Write out every entry exactly; the pictures do not belong in the copy.
++++++++++
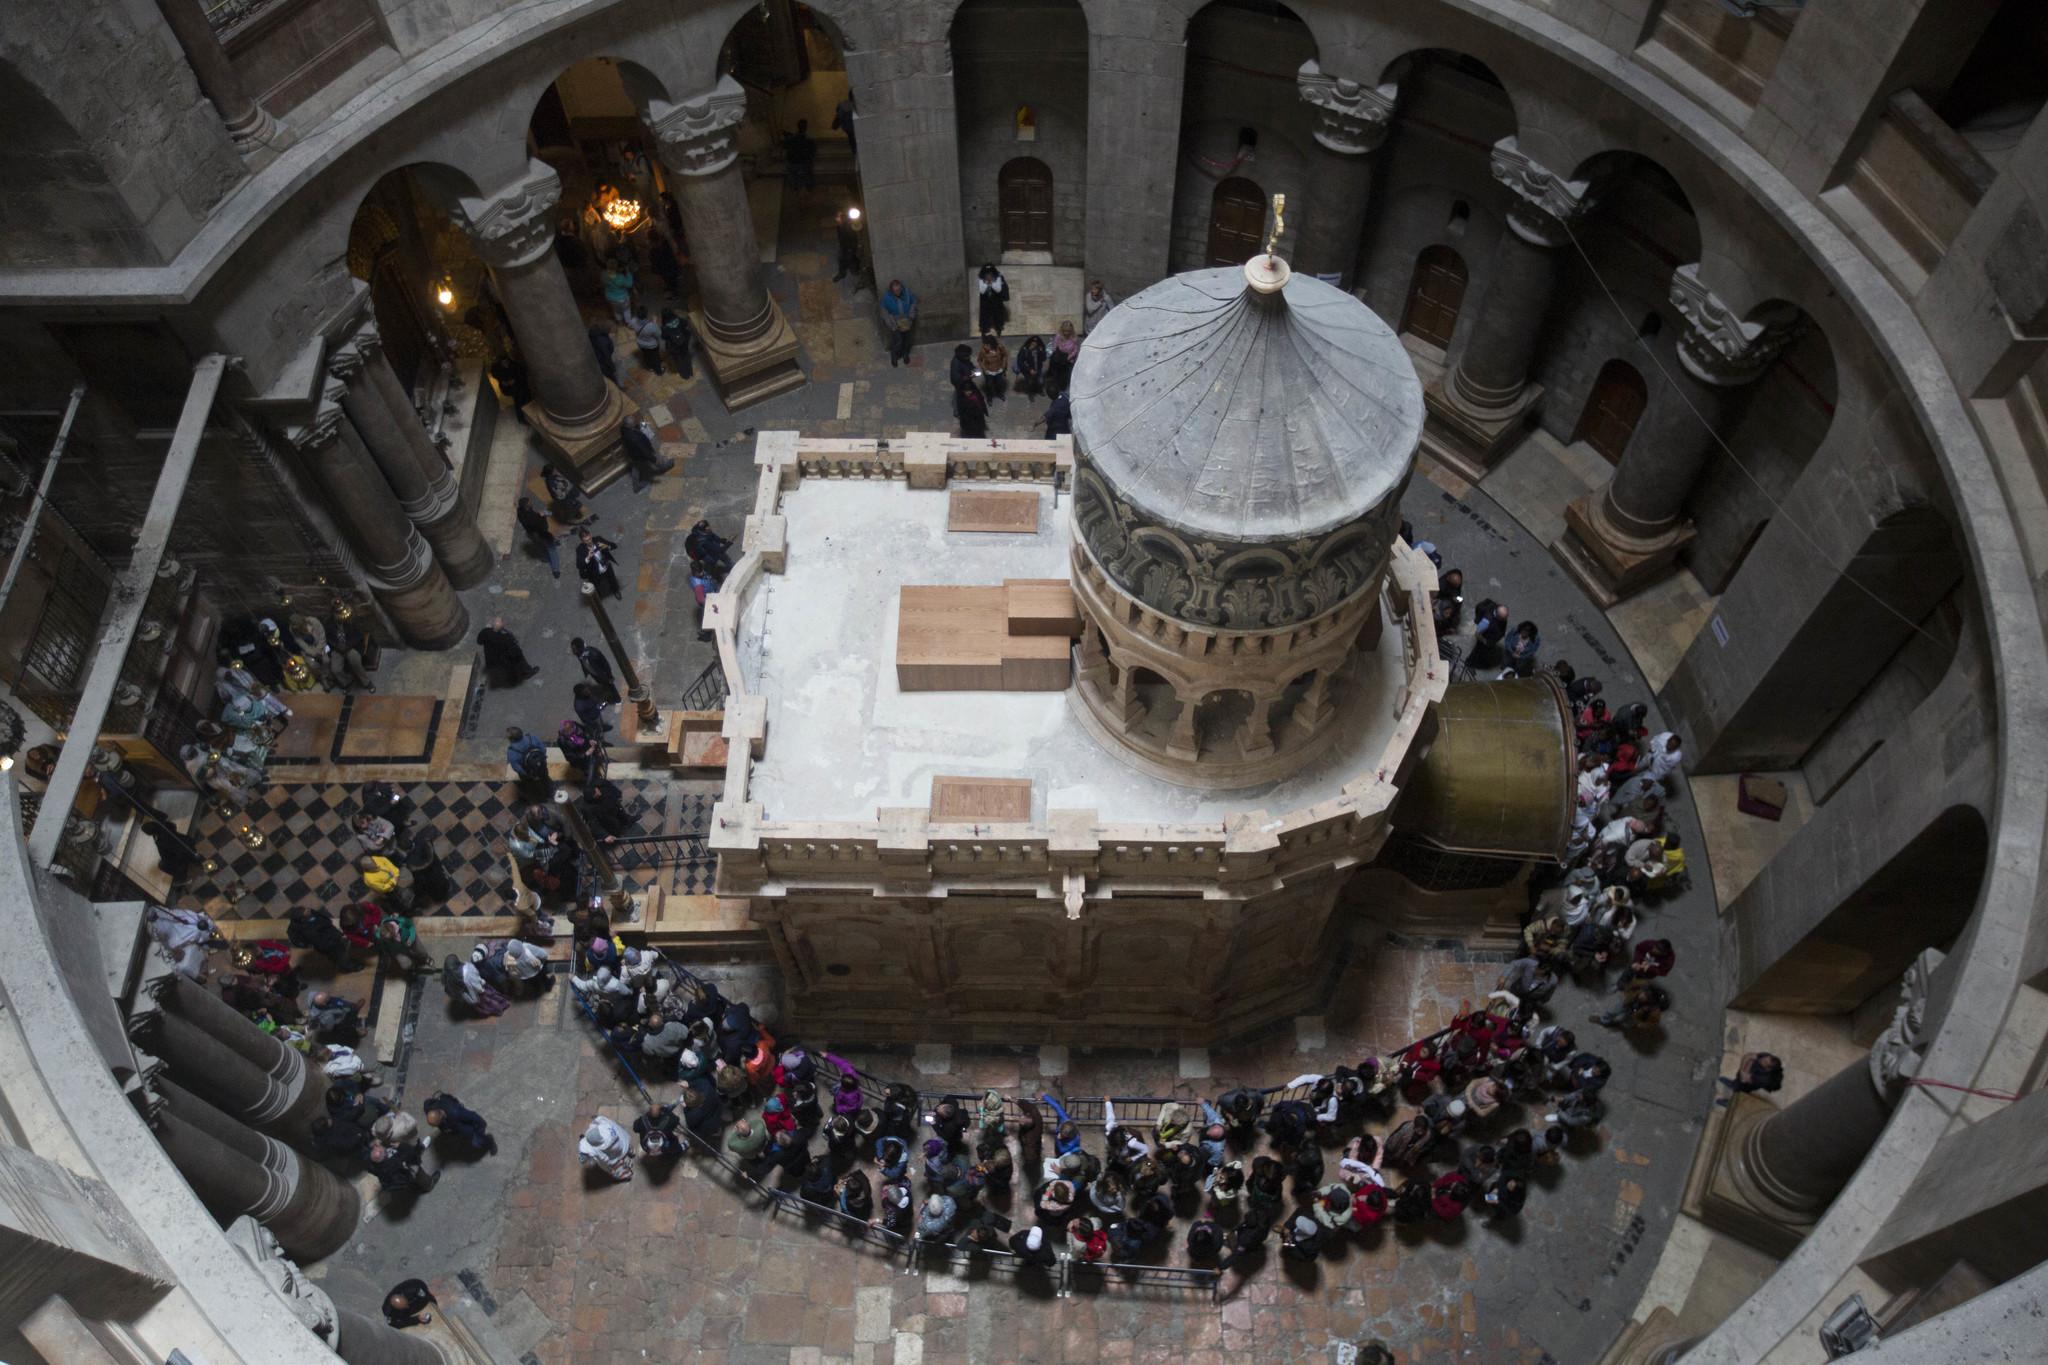 이스라엘 예루살렘 성묘교회의 가운데 있는 예수 무덤을 보기 위해 방문객들이 줄을 서 있는 모습. 예루살렘은 기독교는 물론 유대교와 이슬람교에도 성지다. [AP=뉴시스]
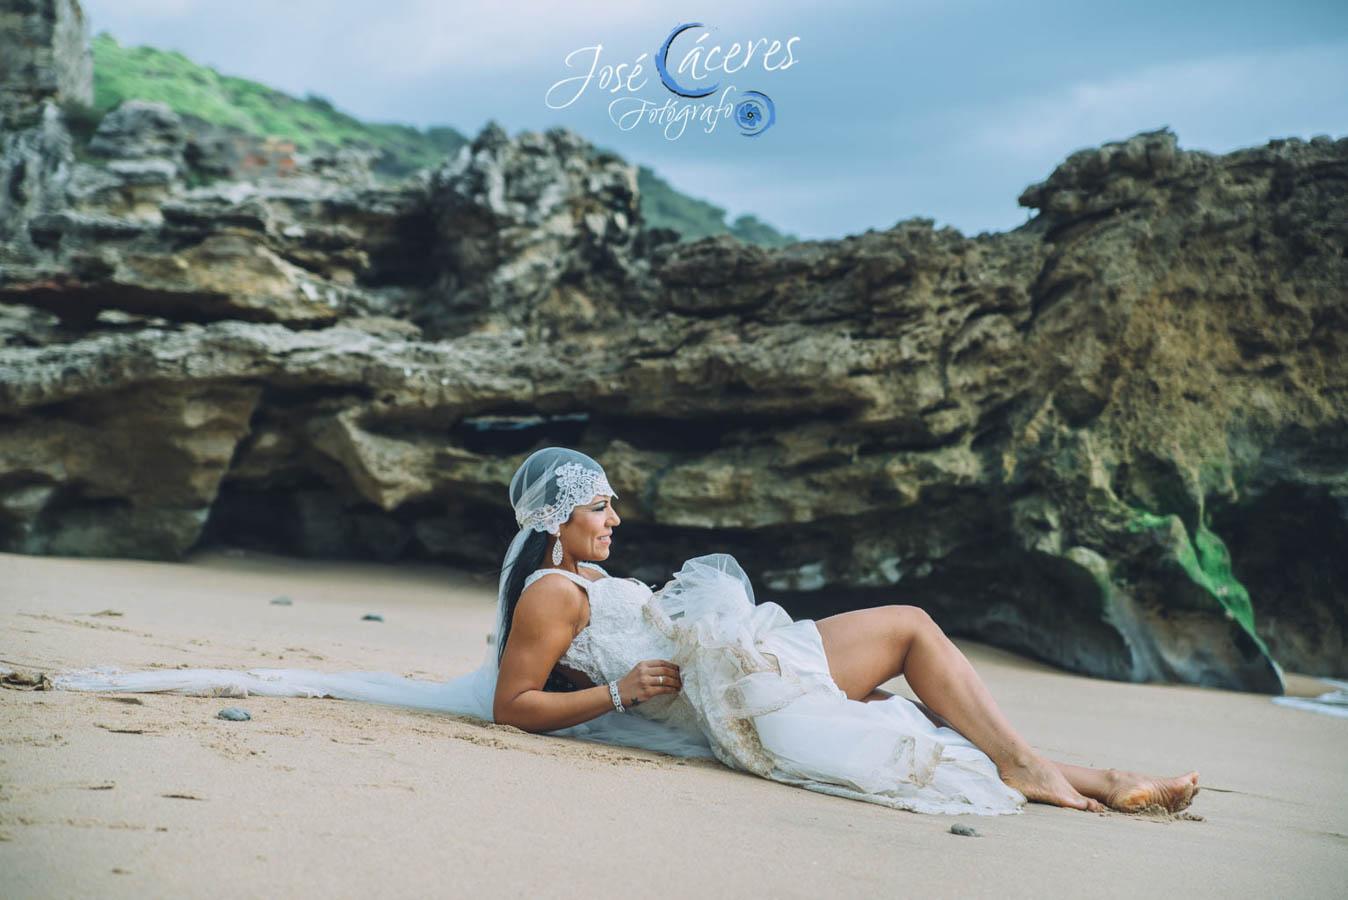 Sesion fotografica de jose caceres fotografia, post boda leticia y jose luis, playas-25
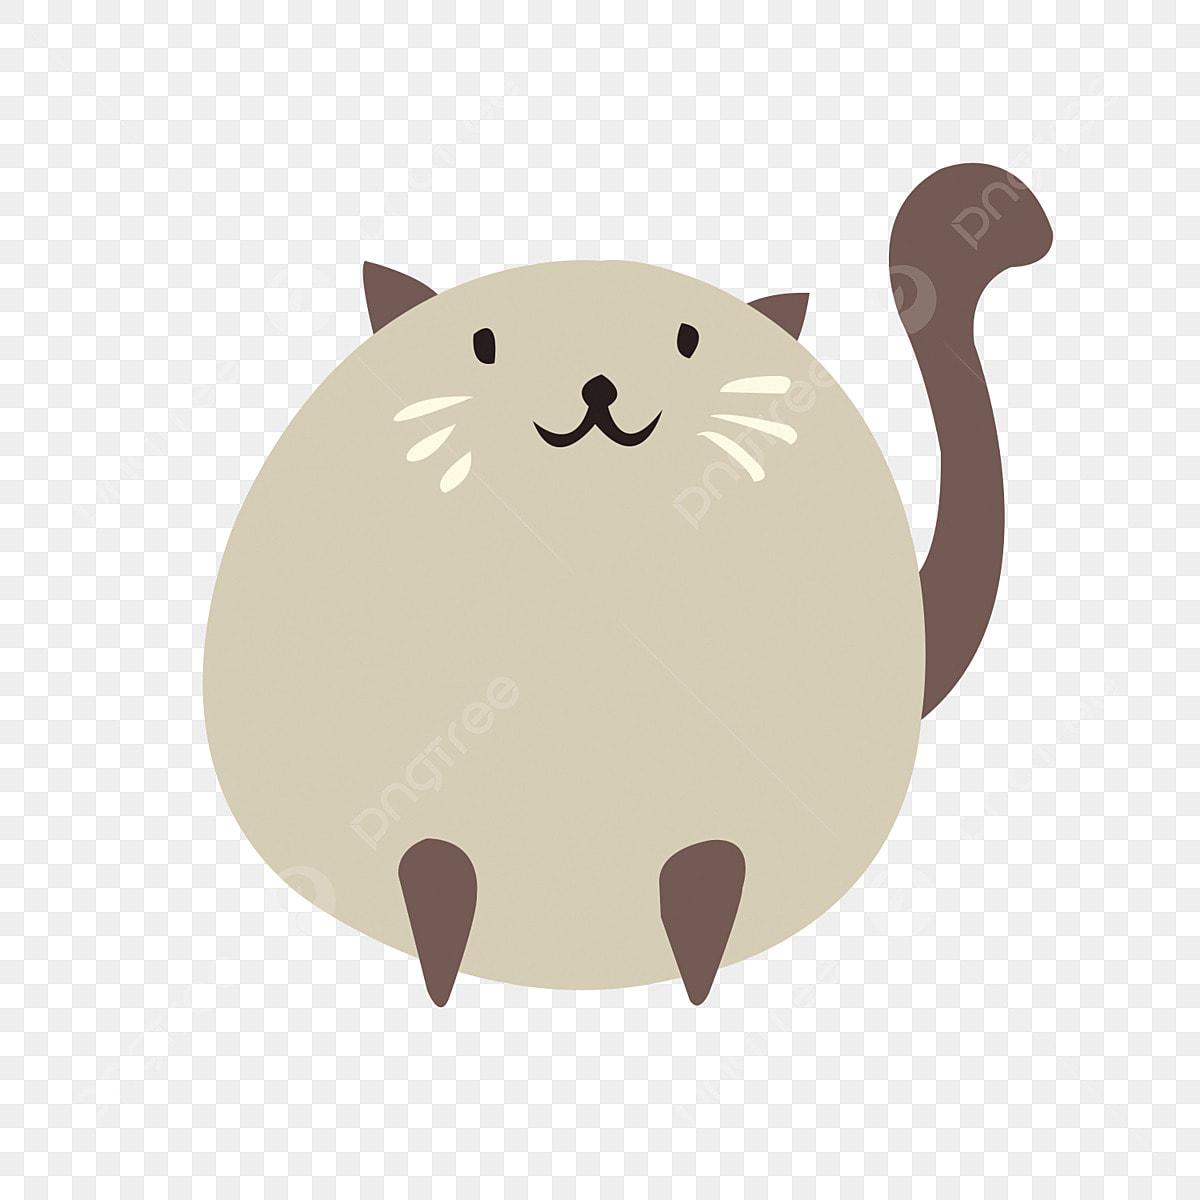 チンパンジー猫のかわいいトロトロ 漫画動物 漫画トトロ キュートトトロ画像とpsd素材ファイルの無料ダウンロード Pngtree
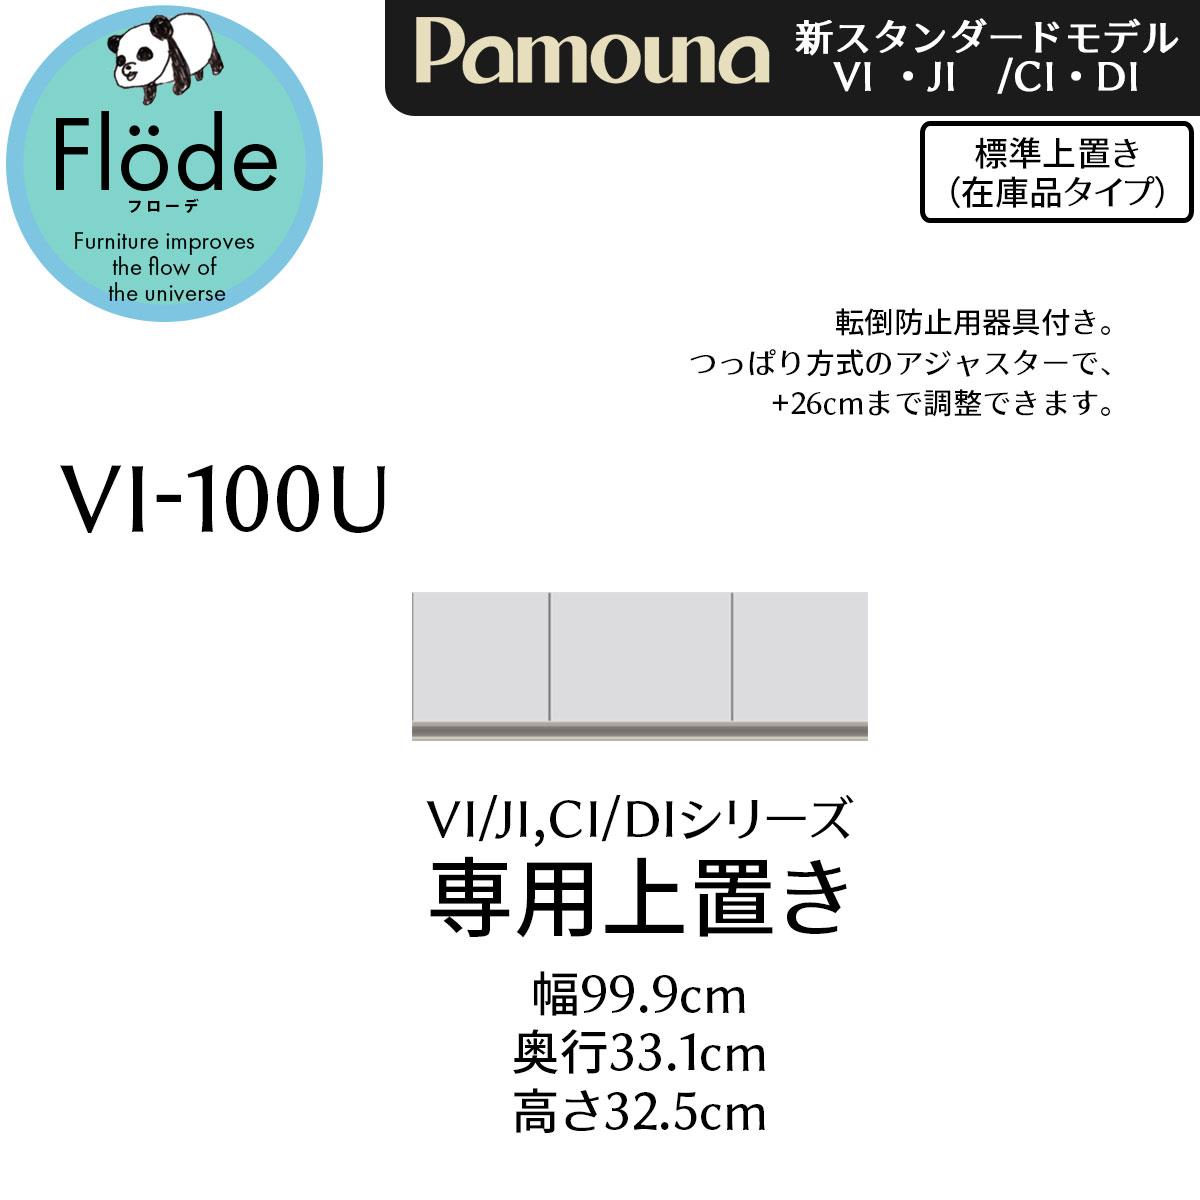 パモウナ 上置 (食器棚VI/JI CI/DI用) 【幅99.8×高さ32.5cm】 VI-100U
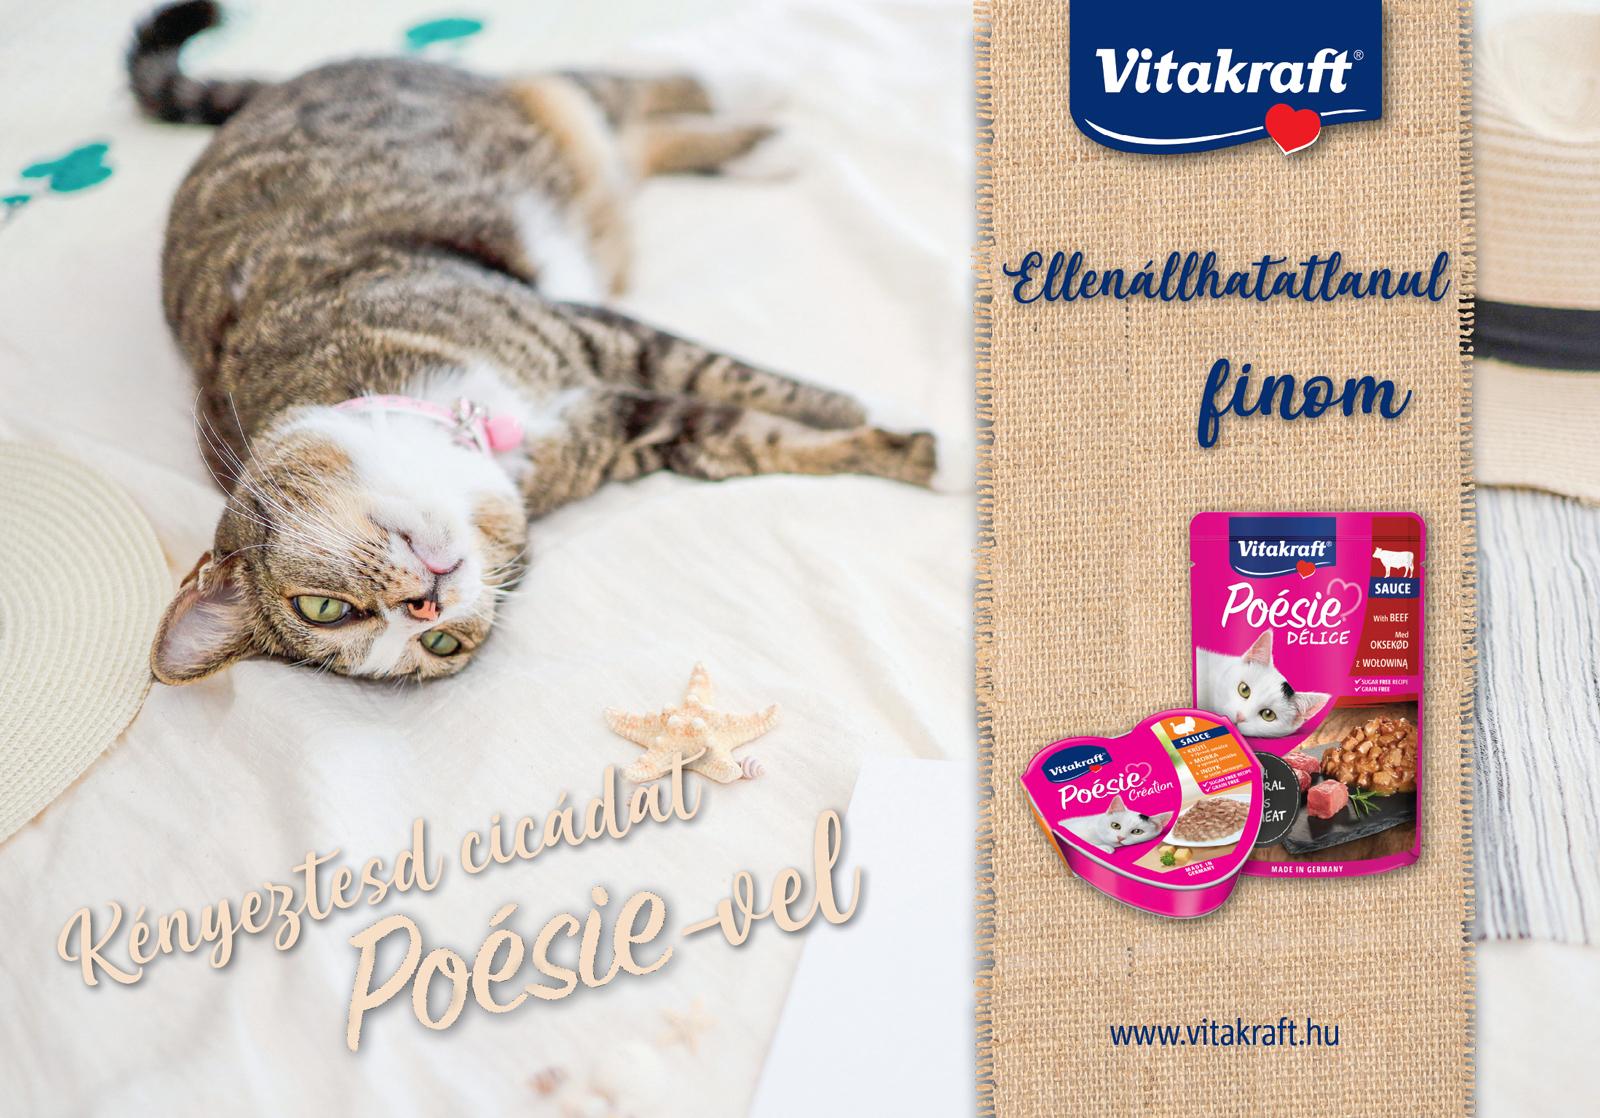 Vitakraft Poésie macskaeledelek
++++++++++
● **Answer for the task**
 이스라엘 예루살렘 성묘교회의 가운데 있는 예수 무덤을 보기 위해 방문객들이 줄을 서 있는 모습. 예루살렘은 기독교는 물론 유대교와 이슬람교에도 성지다. [AP=뉴시스]
 Sesion fotografica de jose caceres fotografia, post boda leticia y jose luis, playas-25
 チンパンジー猫のかわいいトロトロ 漫画動物 漫画トトロ キュートトトロ画像とpsd素材ファイルの無料ダウンロード Pngtree
 パモウナ 上置 (食器棚VI/JI CI/DI用) 【幅99.8×高さ32.5cm】 VI-100U
 Vitakraft Poésie macskaeledelek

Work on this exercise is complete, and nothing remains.